Modern embedded systems require both high performance 3D graphics and low power consumption. The rendering of 3D graphics is a computationally heavy and memory intensive task which consume a lot of energy for the CPU, GPU and memory.

The major part of this chapter is dedicated to the description of the basic operations that are required to render graphics and if there exist alternative rendering techniques that produces similar results. If there exists more than one method and the different methods come at different computational complexity then a less expensive method can be used, thereby reducing the rendering workload. Modern rendering solutions consists of an almost infinite number of visual effects. It would not be possible to describe every effect in this thesis, but instead this chapter lists the basic operations of the graphics pipeline in an embedded system, such as the one found on the i.MX31 board.

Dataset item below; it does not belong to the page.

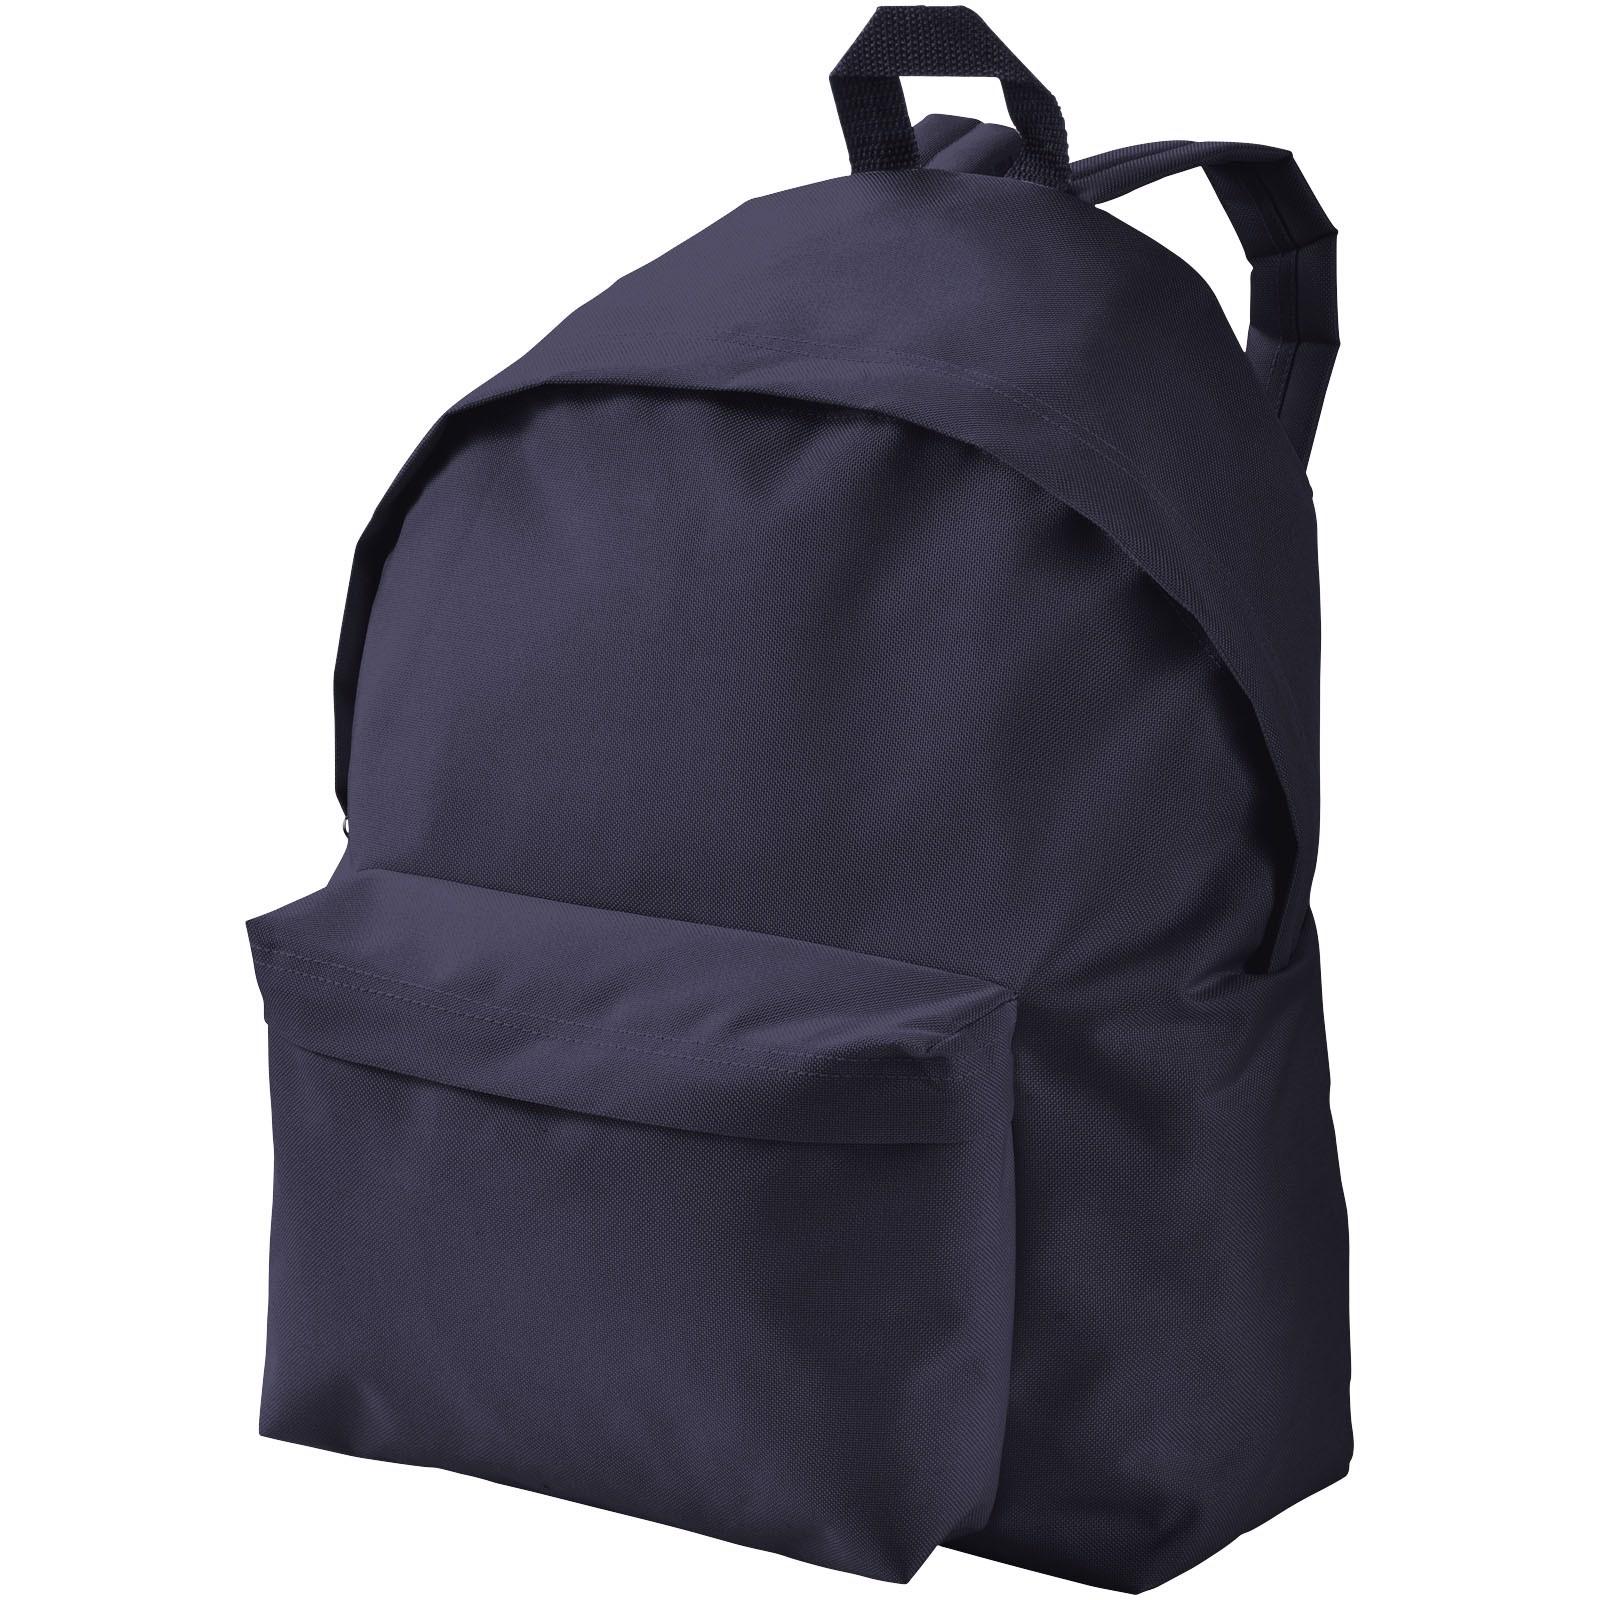 Urban covered zipper backpack - Navy
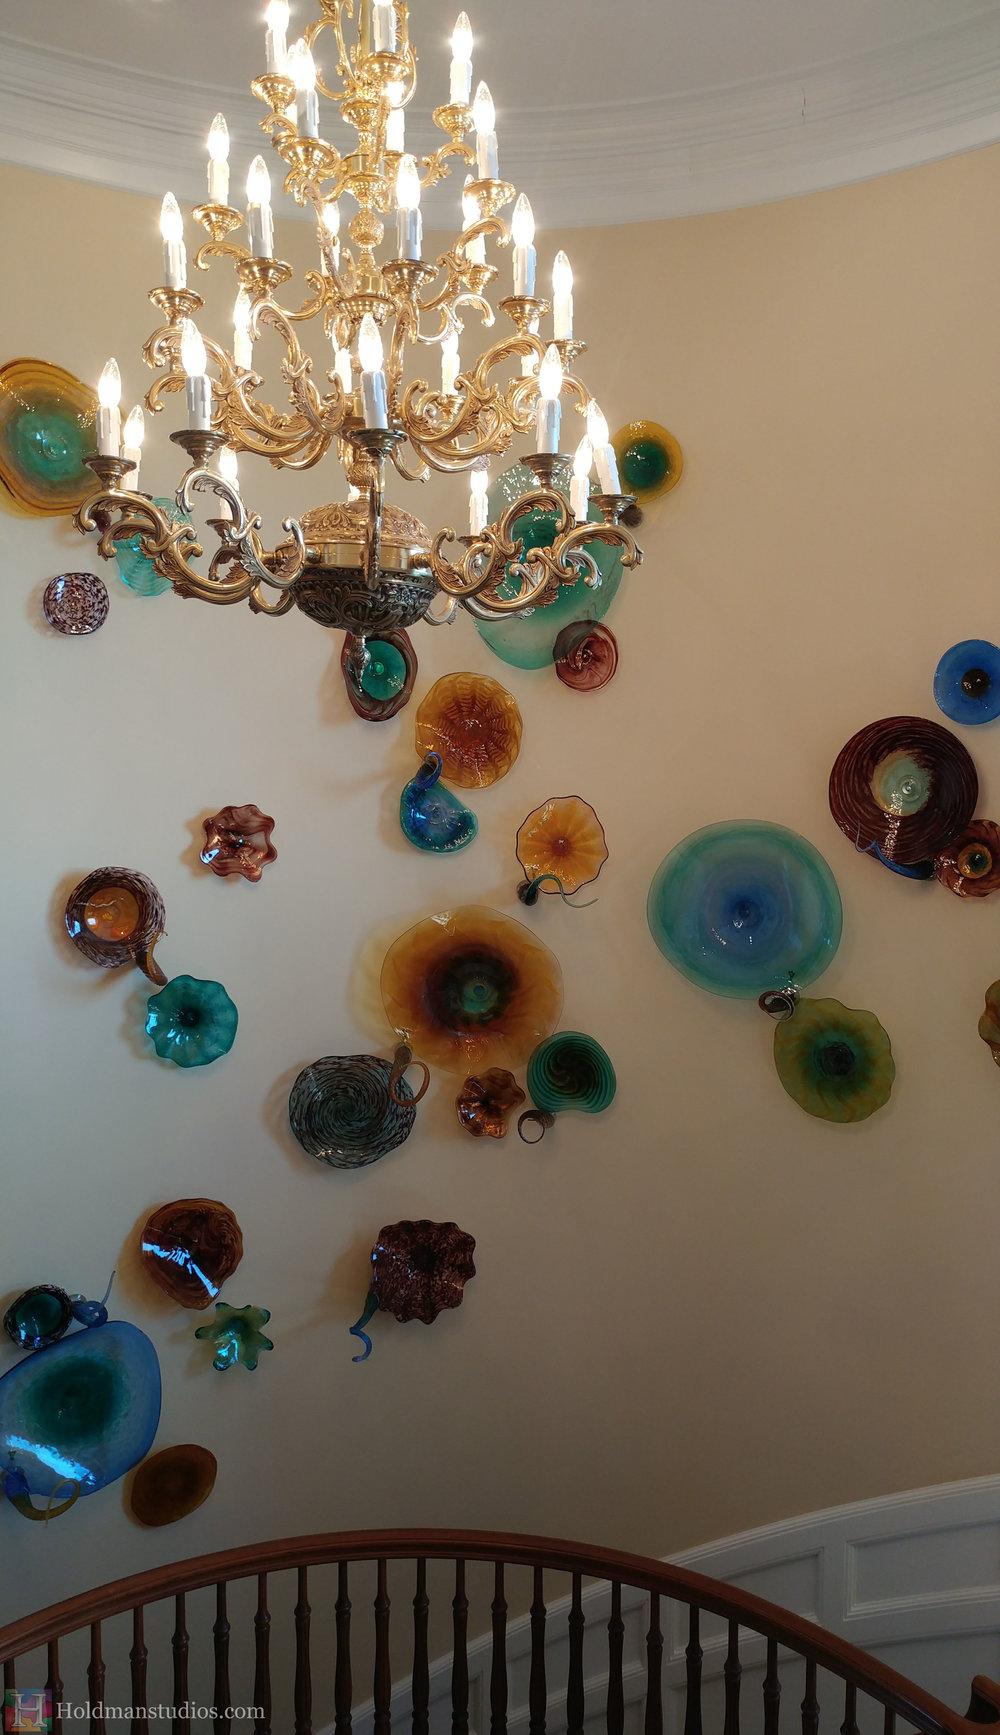 holdman-studios-hand-blown-glass-platters-bowls-tendrils-stair-wall-display-closeup2.jpg

When designing a power aware graphics driver it is only natural to target the process- ing units specifically. The GPU consumes power when it is working but also whenever it has to fetch data from external memory. External memory access is one of the most energy consuming operations in embedded systems[3]. To achieve energy efficiency in an embedded system both the rendering workload and the amount of memory accesses has to be addressed. This chapter describes how to produce energy efficient graphics in an embedded system. The methods will be divided into sections in a top-down approach.

4.1 Energy efficient graphics applications

3D graphics rendering is a powerful tool for creating visually pleasing and effective applications, but rendering 3D content comes at the cost of increased computational workload. When the GPU and CPU are running at high capacity a lot of power is con- sumed. Developers have to be careful when designing applications not to use superfluous animations and have power consumption issues as a part of the development process.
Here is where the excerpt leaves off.